━━━━━ Given records
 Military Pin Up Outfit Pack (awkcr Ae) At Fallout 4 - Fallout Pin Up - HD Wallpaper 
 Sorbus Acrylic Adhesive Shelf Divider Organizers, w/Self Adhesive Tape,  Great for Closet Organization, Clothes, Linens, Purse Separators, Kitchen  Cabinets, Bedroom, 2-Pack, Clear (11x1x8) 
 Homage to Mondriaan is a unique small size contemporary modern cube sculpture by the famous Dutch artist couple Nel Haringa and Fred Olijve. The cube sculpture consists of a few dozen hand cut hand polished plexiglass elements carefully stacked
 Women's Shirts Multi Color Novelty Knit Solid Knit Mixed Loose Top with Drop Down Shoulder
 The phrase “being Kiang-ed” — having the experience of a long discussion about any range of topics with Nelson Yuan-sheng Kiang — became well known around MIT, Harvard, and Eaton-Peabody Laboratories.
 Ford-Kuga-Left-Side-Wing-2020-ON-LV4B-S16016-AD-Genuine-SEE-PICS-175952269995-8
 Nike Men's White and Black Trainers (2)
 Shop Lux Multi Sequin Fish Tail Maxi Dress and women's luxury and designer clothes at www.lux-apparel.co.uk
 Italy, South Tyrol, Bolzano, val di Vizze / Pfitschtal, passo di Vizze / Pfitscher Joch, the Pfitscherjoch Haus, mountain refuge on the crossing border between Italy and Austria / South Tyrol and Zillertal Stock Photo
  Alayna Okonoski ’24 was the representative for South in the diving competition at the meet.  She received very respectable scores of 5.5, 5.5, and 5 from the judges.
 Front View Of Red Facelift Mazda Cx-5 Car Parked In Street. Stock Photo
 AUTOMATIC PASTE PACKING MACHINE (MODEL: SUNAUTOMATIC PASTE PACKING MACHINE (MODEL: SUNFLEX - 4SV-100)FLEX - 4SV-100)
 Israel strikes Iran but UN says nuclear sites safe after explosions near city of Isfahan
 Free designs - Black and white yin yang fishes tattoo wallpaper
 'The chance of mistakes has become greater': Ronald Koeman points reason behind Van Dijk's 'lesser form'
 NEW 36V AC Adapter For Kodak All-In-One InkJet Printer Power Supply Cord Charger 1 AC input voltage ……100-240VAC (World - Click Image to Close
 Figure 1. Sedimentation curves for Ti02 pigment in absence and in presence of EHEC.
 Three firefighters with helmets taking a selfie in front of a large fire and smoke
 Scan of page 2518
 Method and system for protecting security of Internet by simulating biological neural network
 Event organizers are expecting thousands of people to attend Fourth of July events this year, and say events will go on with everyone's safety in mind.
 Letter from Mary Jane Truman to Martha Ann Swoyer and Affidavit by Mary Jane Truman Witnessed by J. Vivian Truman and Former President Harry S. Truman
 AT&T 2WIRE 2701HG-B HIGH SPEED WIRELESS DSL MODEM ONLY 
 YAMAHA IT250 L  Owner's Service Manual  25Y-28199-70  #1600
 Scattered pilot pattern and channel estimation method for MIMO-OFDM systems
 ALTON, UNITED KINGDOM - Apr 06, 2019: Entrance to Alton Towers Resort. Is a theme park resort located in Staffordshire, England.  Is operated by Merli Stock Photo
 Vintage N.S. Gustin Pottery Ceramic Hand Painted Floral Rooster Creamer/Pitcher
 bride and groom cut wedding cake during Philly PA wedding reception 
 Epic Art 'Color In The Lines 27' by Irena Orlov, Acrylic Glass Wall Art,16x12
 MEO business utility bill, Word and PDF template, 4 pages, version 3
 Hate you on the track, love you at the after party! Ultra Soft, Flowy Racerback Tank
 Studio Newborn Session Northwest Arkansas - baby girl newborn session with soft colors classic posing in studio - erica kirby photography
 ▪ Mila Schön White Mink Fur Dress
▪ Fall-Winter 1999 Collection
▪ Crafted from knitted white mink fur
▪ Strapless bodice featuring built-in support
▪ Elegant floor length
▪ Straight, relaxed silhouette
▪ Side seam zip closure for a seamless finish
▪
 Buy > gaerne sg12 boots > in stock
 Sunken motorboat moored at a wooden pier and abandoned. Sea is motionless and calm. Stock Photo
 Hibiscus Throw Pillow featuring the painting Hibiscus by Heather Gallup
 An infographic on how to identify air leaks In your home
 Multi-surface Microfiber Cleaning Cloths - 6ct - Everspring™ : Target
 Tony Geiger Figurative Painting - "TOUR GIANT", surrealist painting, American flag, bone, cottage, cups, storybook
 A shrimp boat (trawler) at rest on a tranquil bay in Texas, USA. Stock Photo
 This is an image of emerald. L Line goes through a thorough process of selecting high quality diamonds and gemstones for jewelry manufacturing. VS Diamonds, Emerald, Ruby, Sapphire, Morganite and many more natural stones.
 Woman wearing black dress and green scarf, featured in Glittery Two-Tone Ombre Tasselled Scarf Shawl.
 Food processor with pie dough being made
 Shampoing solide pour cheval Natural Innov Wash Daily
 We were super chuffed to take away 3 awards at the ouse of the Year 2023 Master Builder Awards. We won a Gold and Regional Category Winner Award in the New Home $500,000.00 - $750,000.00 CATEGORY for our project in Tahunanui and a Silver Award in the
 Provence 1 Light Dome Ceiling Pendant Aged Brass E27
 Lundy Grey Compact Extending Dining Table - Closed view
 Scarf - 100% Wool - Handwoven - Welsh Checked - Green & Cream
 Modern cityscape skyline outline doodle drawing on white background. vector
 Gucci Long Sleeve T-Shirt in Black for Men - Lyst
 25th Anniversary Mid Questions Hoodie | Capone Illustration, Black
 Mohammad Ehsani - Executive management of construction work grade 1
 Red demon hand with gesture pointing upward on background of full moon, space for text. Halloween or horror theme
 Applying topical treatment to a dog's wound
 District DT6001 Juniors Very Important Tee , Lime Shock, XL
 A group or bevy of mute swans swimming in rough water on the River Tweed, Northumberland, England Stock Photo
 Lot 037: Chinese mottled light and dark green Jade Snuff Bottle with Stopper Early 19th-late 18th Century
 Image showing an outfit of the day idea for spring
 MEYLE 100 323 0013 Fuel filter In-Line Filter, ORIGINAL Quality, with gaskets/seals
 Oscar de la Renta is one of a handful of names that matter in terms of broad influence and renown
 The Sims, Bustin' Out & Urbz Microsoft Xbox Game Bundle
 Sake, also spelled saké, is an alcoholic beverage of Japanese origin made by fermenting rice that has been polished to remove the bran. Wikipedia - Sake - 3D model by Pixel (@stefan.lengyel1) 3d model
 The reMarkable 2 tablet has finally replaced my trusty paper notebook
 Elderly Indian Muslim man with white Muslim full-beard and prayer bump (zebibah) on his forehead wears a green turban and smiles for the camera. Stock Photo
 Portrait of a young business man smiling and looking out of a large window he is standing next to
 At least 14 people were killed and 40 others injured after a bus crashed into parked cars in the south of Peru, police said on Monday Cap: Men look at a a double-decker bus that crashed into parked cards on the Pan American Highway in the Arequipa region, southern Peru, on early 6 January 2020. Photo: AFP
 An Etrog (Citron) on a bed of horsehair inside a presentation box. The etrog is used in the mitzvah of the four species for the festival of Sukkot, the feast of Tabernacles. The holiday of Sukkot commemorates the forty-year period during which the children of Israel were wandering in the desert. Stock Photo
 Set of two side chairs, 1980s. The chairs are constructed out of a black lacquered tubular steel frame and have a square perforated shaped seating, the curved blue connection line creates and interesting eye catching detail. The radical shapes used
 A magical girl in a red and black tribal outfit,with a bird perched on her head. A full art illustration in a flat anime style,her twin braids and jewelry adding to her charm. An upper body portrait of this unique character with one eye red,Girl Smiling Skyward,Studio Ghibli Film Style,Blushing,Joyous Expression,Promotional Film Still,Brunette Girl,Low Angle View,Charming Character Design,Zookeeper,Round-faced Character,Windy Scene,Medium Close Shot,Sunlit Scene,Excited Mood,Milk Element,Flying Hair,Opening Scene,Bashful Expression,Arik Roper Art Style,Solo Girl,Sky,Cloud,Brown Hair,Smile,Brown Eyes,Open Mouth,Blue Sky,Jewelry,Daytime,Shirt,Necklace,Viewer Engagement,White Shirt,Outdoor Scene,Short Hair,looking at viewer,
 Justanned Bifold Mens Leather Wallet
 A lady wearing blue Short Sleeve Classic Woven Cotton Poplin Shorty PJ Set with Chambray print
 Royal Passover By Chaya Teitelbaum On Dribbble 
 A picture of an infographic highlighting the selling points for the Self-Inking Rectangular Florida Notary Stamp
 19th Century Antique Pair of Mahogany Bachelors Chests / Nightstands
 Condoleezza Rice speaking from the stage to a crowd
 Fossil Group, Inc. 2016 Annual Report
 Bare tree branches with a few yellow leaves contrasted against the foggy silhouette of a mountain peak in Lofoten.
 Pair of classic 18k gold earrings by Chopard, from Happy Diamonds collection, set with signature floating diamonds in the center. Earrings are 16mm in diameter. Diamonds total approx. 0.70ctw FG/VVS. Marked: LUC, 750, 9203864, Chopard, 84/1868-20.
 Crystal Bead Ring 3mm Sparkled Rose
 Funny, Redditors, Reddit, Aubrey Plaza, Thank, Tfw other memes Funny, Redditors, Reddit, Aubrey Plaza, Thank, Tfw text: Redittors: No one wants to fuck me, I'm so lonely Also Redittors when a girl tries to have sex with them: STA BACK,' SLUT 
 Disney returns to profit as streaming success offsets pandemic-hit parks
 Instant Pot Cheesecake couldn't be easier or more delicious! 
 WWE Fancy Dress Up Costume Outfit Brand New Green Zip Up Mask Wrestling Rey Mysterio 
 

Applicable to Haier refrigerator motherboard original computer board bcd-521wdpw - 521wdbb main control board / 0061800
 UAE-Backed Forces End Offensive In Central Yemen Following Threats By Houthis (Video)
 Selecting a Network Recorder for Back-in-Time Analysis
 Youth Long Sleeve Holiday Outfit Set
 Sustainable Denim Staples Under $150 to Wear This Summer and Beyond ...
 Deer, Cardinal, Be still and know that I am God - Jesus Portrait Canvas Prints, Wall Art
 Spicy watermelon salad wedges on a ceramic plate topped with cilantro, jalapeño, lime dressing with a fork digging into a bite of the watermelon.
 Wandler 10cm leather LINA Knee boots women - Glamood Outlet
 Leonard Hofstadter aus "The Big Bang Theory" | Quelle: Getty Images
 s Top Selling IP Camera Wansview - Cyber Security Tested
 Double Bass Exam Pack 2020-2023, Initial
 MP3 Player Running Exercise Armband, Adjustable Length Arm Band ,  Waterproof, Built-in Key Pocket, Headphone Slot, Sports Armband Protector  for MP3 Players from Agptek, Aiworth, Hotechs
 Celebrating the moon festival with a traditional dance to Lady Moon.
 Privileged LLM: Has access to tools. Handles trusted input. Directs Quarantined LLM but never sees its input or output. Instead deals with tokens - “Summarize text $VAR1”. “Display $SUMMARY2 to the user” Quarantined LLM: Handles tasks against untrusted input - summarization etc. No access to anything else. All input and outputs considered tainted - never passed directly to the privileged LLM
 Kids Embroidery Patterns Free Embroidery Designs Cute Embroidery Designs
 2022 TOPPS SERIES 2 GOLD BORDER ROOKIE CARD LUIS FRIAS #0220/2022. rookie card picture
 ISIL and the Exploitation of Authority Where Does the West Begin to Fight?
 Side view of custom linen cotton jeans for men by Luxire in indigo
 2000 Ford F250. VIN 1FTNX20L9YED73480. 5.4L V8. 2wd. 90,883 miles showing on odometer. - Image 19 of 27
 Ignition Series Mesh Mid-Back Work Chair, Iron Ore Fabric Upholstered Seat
━━━━━━━━━━
Instructions to follow:
Using the records above, write out exactly the lines from the one containing "Deer, Cardinal, Be" through the last, and add nothing.

Solution:
 Deer, Cardinal, Be still and know that I am God - Jesus Portrait Canvas Prints, Wall Art
 Spicy watermelon salad wedges on a ceramic plate topped with cilantro, jalapeño, lime dressing with a fork digging into a bite of the watermelon.
 Wandler 10cm leather LINA Knee boots women - Glamood Outlet
 Leonard Hofstadter aus "The Big Bang Theory" | Quelle: Getty Images
 s Top Selling IP Camera Wansview - Cyber Security Tested
 Double Bass Exam Pack 2020-2023, Initial
 MP3 Player Running Exercise Armband, Adjustable Length Arm Band ,  Waterproof, Built-in Key Pocket, Headphone Slot, Sports Armband Protector  for MP3 Players from Agptek, Aiworth, Hotechs
 Celebrating the moon festival with a traditional dance to Lady Moon.
 Privileged LLM: Has access to tools. Handles trusted input. Directs Quarantined LLM but never sees its input or output. Instead deals with tokens - “Summarize text $VAR1”. “Display $SUMMARY2 to the user” Quarantined LLM: Handles tasks against untrusted input - summarization etc. No access to anything else. All input and outputs considered tainted - never passed directly to the privileged LLM
 Kids Embroidery Patterns Free Embroidery Designs Cute Embroidery Designs
 2022 TOPPS SERIES 2 GOLD BORDER ROOKIE CARD LUIS FRIAS #0220/2022. rookie card picture
 ISIL and the Exploitation of Authority Where Does the West Begin to Fight?
 Side view of custom linen cotton jeans for men by Luxire in indigo
 2000 Ford F250. VIN 1FTNX20L9YED73480. 5.4L V8. 2wd. 90,883 miles showing on odometer. - Image 19 of 27
 Ignition Series Mesh Mid-Back Work Chair, Iron Ore Fabric Upholstered Seat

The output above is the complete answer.